Hence, initially conductivity increases and then remains constant.

Option (P) in List-I matches with option 3 in List-II.

(Q) The reaction between potassium iodide (KI) and silver nitrate $(\mathrm{AgNO}_3)$ occurs as follows:

$$ \mathrm{KI}(0.1 \, \mathrm{M}) + \mathrm{AgNO}_3(0.01 \, \mathrm{M}) \rightarrow \mathrm{KNO}_3 + \mathrm{AgI}_{(\mathrm{ppt})} $$

(a) As KI is added to $\mathrm{AgNO}_3$, silver iodide precipitates, and conductivity due to $\mathrm{AgNO}_3$ decreases, but potassium nitrate formation increases the solution's conductivity. These effects balance out, so conductivity does not change much initially.
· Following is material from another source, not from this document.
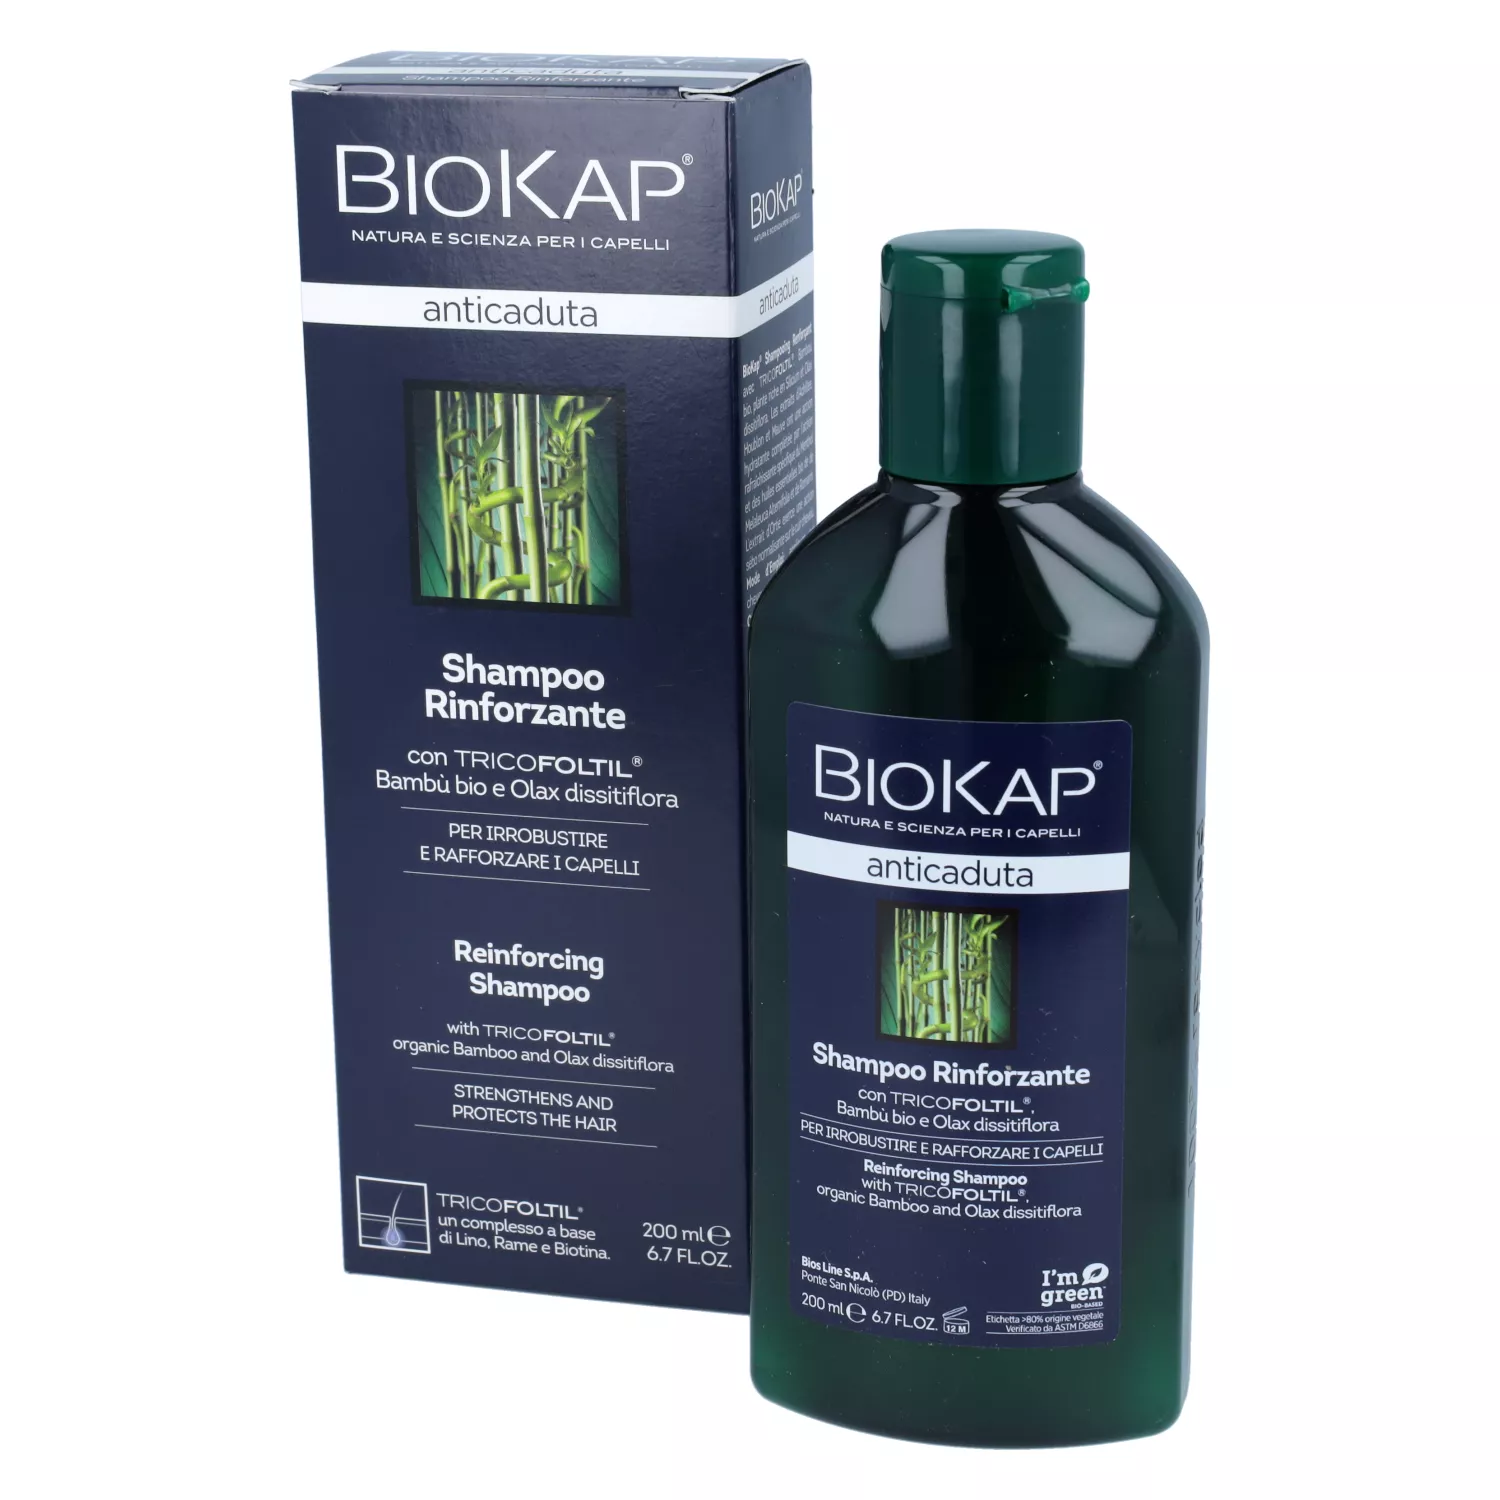 biokap szampon przeciw wypadaniu wlosow

(b) After all $\mathrm{AgNO}_3$ is consumed, adding more KI, a strong electrolyte, will increase the solution's conductivity.

Hence, initially conductivity does not change much and then increases.

(R) The weak acid $\mathrm{CH}_3 \mathrm{COOH}$ dissociates as follows:

$$ \mathrm{CH}_3 \mathrm{COOH}(aq) \rightleftharpoons \mathrm{CH}_3 \mathrm{COO}^{-}(aq) + \mathrm{H}^{+}(aq) $$

When it is added to potassium hydroxide (KOH), a strong electrolyte, the following reaction takes place:

$$ \mathrm{CH}_3 \mathrm{COOH} + \mathrm{KOH} \rightarrow \mathrm{CH}_3 \mathrm{COO}^{-} \mathrm{K}^{+} + \mathrm{H}_2 \mathrm{O} $$

The potassium ion (K$^+$) from KOH, which has a higher migration velocity, is replaced by the hydrogen and acetate ion $\mathrm{CH}_3 \mathrm{COO}^{-}$, which has lower migration velocity. Consequently, conductivity decreases. After all KOH is neutralized by the weak acetic acid $\mathrm{CH}_3 \mathrm{COOH}$, adding more acid will increase conductivity only slightly due to its lower degree of dissociation. Hence, initially the conductivity decreases but then changes very little.

(S) Hydrogen iodide (HI) is a strong acid and completely dissociates into hydrogen and iodide ions. Addition of sodium hydroxide (NaOH) forms sodium iodide and water. The hydrogen ions, which have high migration velocity, are replaced by slower-moving sodium ions, causing a decrease in conductivity. After all the HI is neutralized, conductivity increases with further addition of NaOH due to the increased concentration of $\mathrm{OH}^{-}$ ions.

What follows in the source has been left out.